Los núcleos temáticos que desarrolla el
libro no están vinculados, por lo tanto, a una estructura convencional (de
introducción, nudo, desenlace), sino a una estructura helicoidal, que avanza
girando sobre un eje temático que trazan ciertos términos se repite en los
poemas. De hecho, sobre dos ejes. Uno, de carácter fáctico, se construye a
partir de la percepción del miedo, de
la práctica de la mentira, de la
relación con los hijos, de la
conciencia de las heridas, de los
laberintos del sexo o de la amenaza
del olvido. Otro, de carácter
existencial, se diluye en tres incógnitas del ser: la propia infancia («Yo fui
una niña azul»), el desdoblamiento («La extraña que escribe por mí») y la escritura
(«Qué sentido tiene escribir»). Ambos ejes conducen el flujo verbal hacia el
tema que subyace en el conjunto, el amor, que se define tal como lo nombra el
título del libro: una «luminiscencia», esa luz que se arrebata al otro (con
miedo, mentiras, heridas o sexo) para iluminar desde el sujeto que no consigue
convertirlo en condición (o solo de modo fragmentado, desdoblado, incierto).
Así ambos ejes temáticos, factual y existencial, acaban dibujando el paradigma exacto
de la paradoja helicoidal (gira sobre
sí misma y se traslada al mismo tiempo) del amor: «Nunca / he amado nada que
verdaderamente no doliera». O «Usted dice que mi modo de amar es / la
fragmentación». Este es solo el marco temático en el que se mueve el flujo
verbal que emana de los poemas de Carol Gómez Pelegrín en las partes primera y
segunda, y en los poemas aparece desarrollado por un sinfín de observaciones
certeras, en un lenguaje brillante, desinhibido, preciso, que en ocasiones no
desmerece de los adagios shakespearianos: «Esta habitación por horas que es la
vida».
La tercera parte, escrita como un
monólogo dramático, es un libro diferente. Comparte la escritura magmática, el
ritmo sincopado y los destellos estilísticos, pero el lirismo describe, como
una máscara de personaje clásico, a un personaje: «La Sra K». El sexo casual o
desvinculado de una relación amorosa, o directamente la prostitución, ha sido
objeto de excelentes poemas en la tradición literaria casi siempre escritos
desde una óptica masculina. Recuerdo, por ejemplo, el poema «Con pobreza estaba
decorada la habitación» de Manuel Álvarez Ortega (1923-2014) que después de
describir el desolado ambiente de un prostíbulo, narra «cómo la vieja mujer
atrae al adolescente / lo lleva hacia un ámbito de sombra»… y «sobre sus pechos
/ él siente ganas de llorar». La sentimentalidad del adolescente que sacrifica
la pureza emerge diáfana en el poema, pero nada se sabe de «la vieja mujer» que
seduce al adolescente: ¿beberá en él alguna nostalgia?, ¿esperará alguna
compensación íntima?, ¿redimirá algún fracaso?
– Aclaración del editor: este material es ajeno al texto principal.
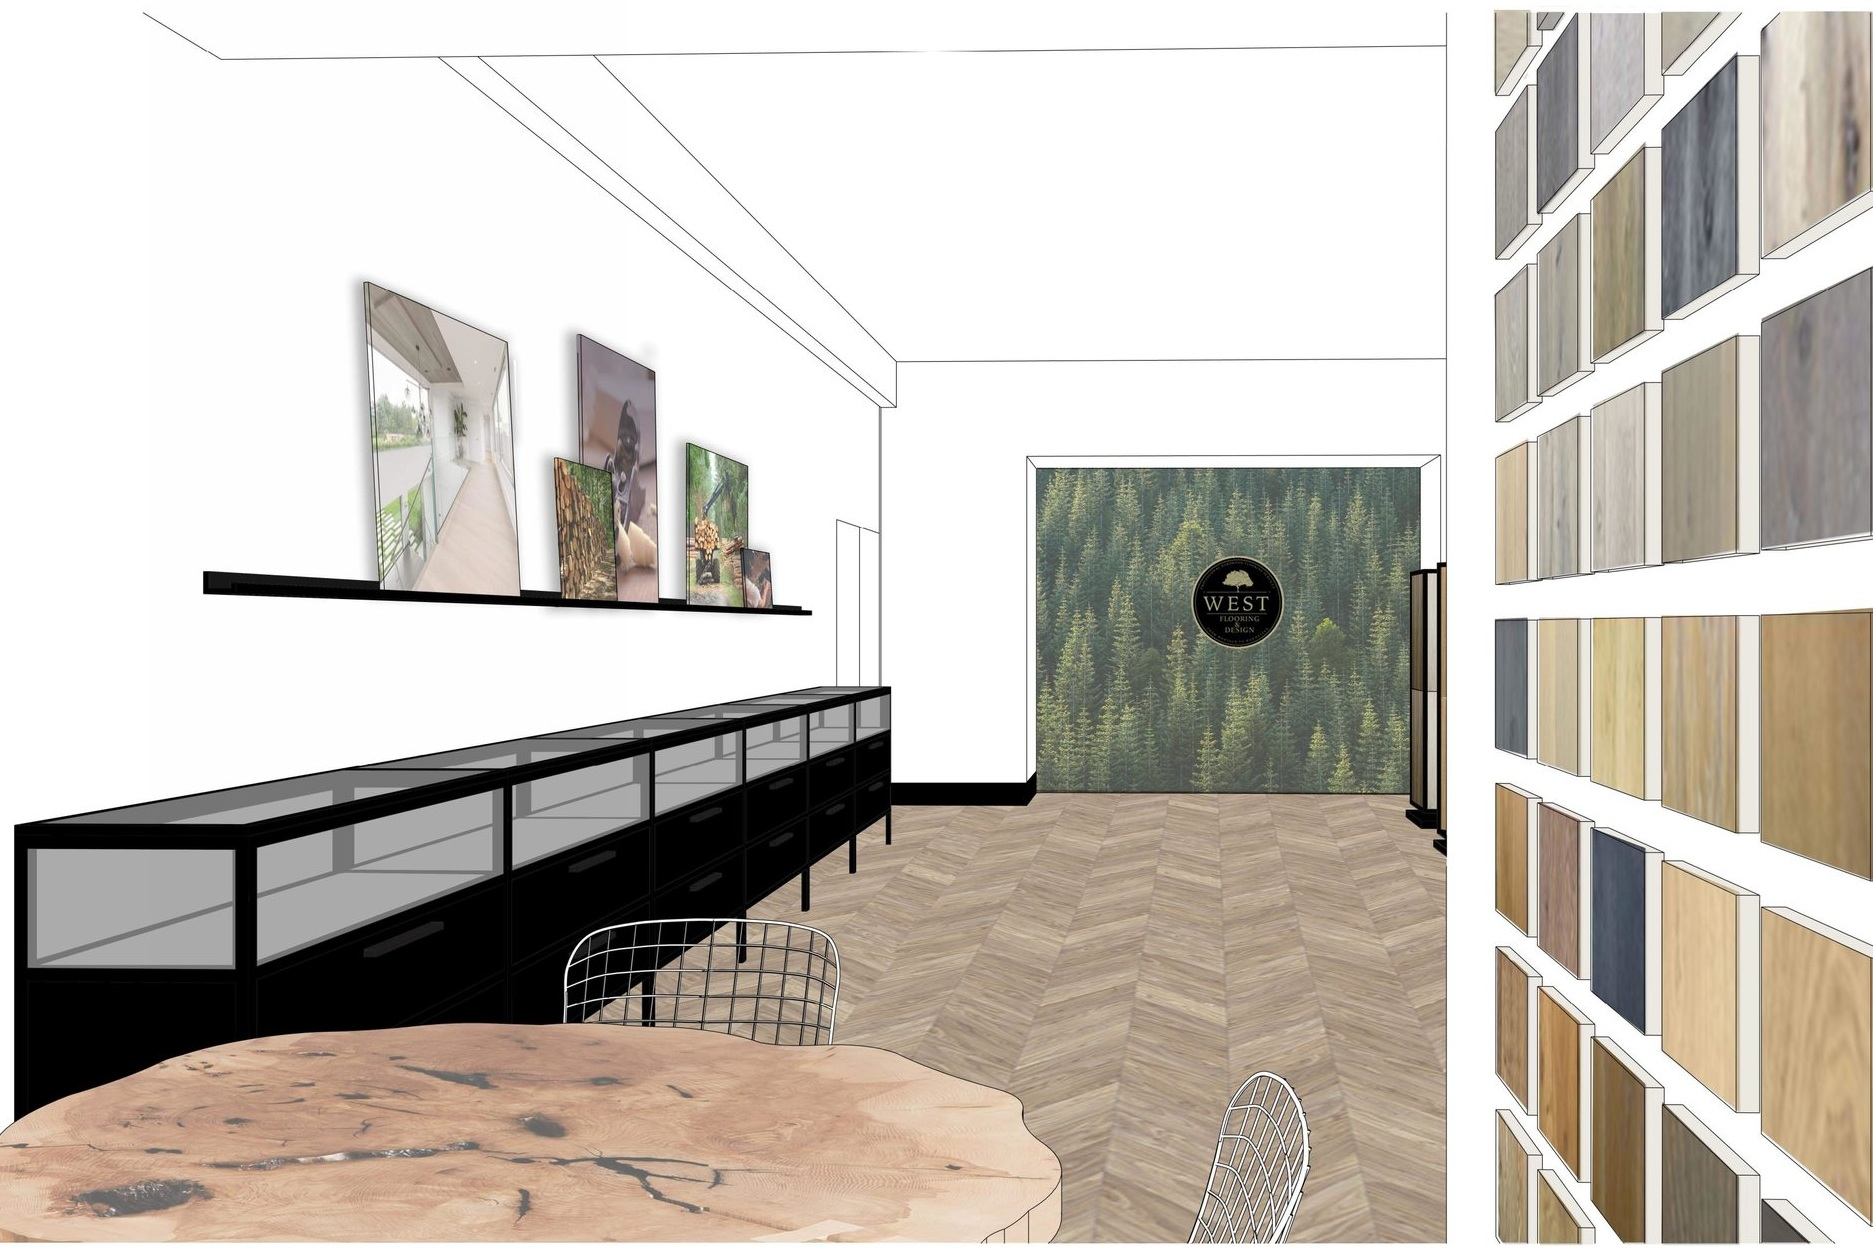 Design - Interior Design Firm - New York - Tobin Parnes Design

Carol Gómez Pelegrín, a través de su
personaje, la Sra. K —que no solo
evoca un personaje kafkiano, sino también la incierta amada de Georges Bataille
en sus diarios—, reconstruye esa experiencia y sentimentalidad desde el punto
de vista de la mujer. Sin prejuicios, sin clichés, sin sociología. Un sujeto
poético que emerge ante una experiencia: «Desconozco sus nombres, se presenta /
sin rostro y la polla / colgando entre pliegues / con regusto a lunes, a
pescado hervido, a pequeñísimas / mentiras domésticas…».
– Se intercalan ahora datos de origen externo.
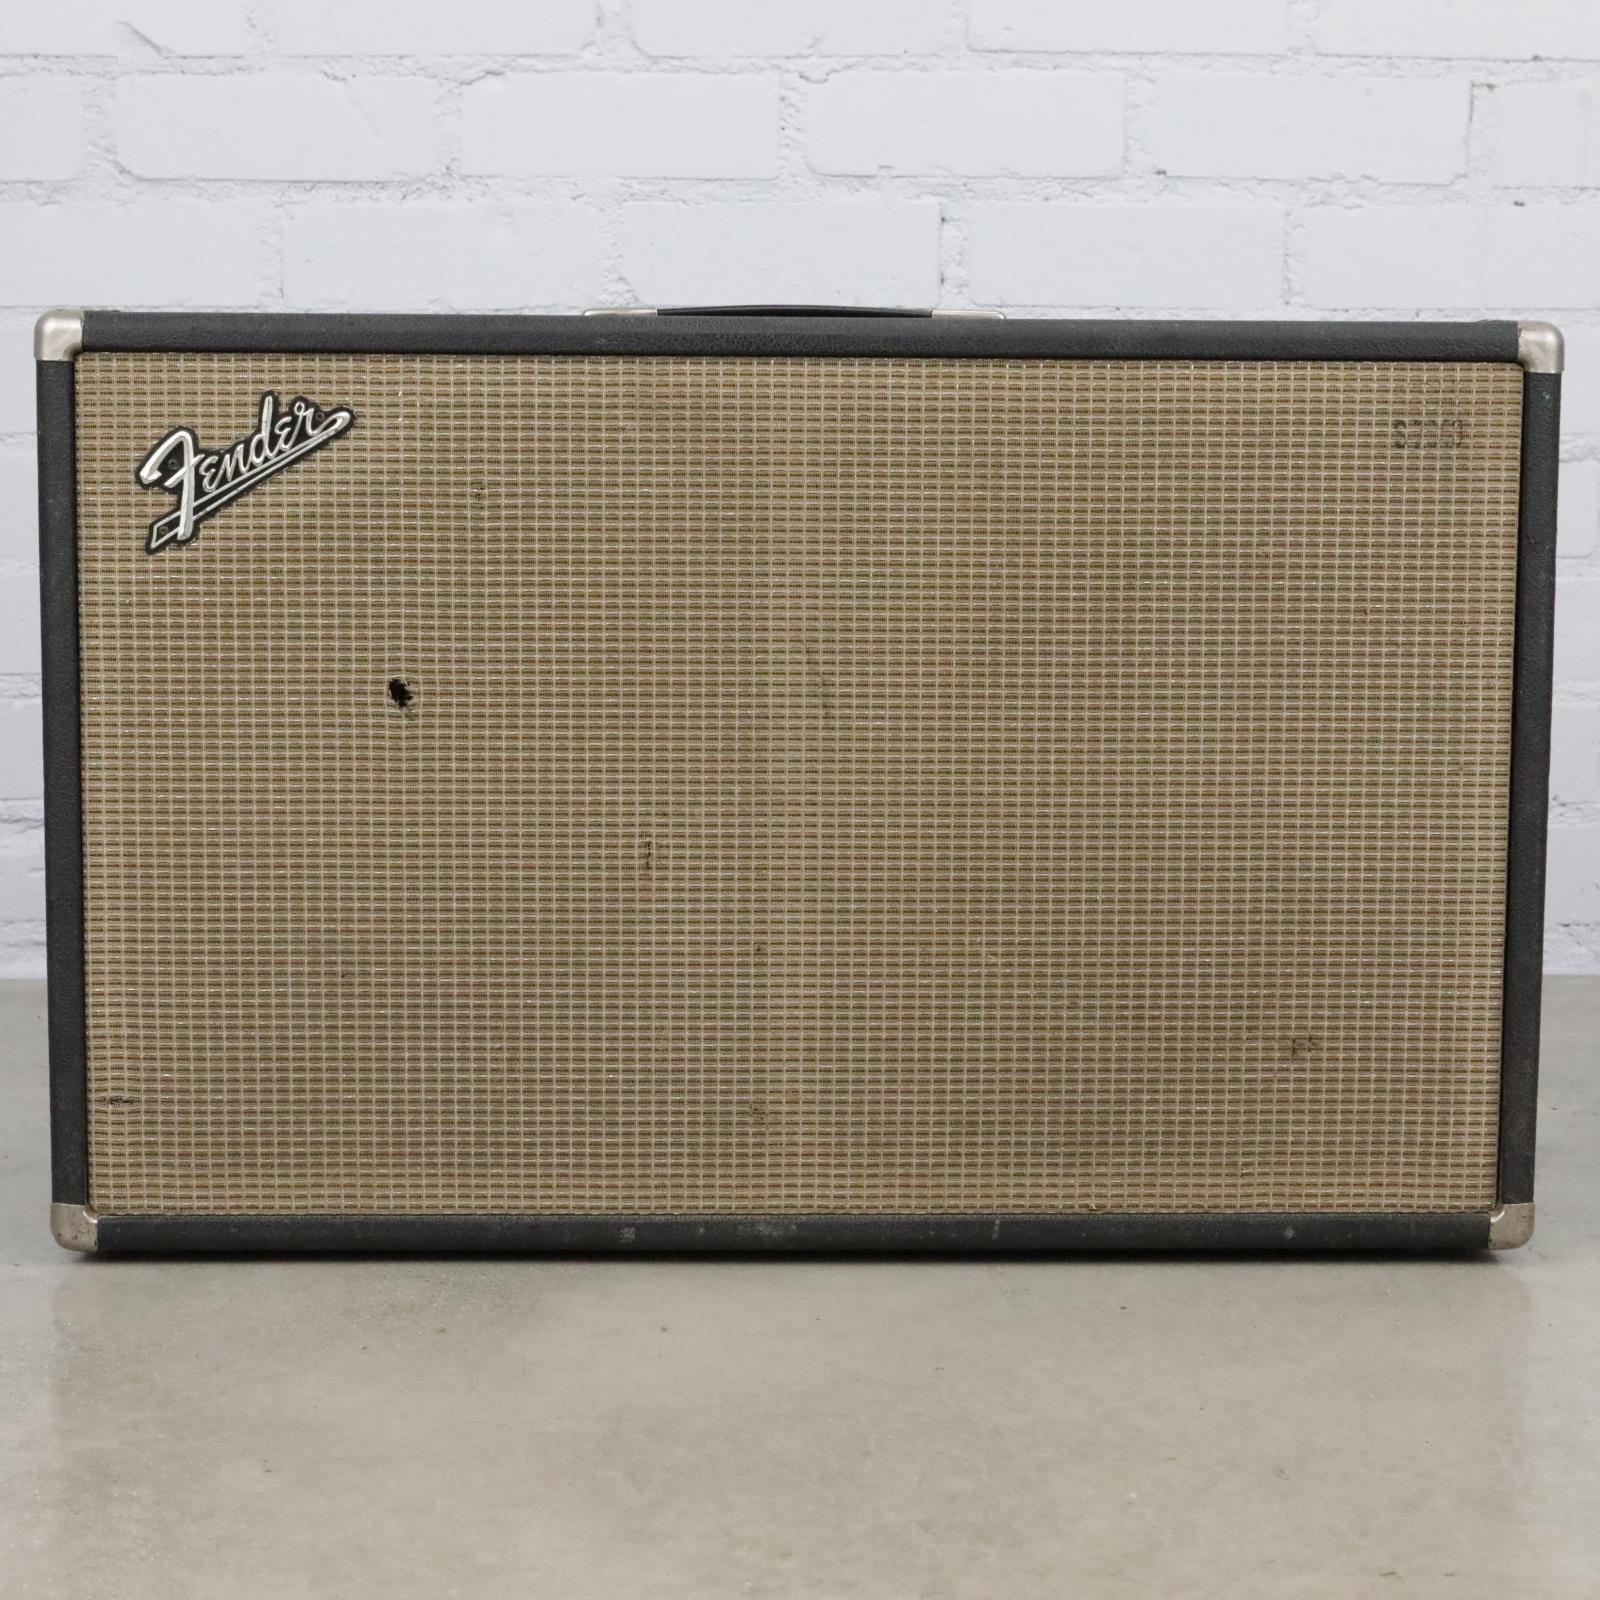 1960's Fender Bandmaster 2x12 Cabinet w/Celestion G12 Vintage 30 Speakers #40473

Los poemas dibujan el retrato
existencial de la desalmada experiencia, en
la que una voz femenina relata con detalle de forense los gestos fosilizados
del comportamiento masculino, y lo hace solo para descubrir en su interior sus
propias perplejidades humanas y líricas. Y, de paso, también para extraer no
pocas lecciones de filosofía shakesperiana: «…lo ferozmente vivo / está
ferozmente triste, hacer la lista de lo que falta en la nevera / también es
inequívocamente / una señal / de permanecer con vida».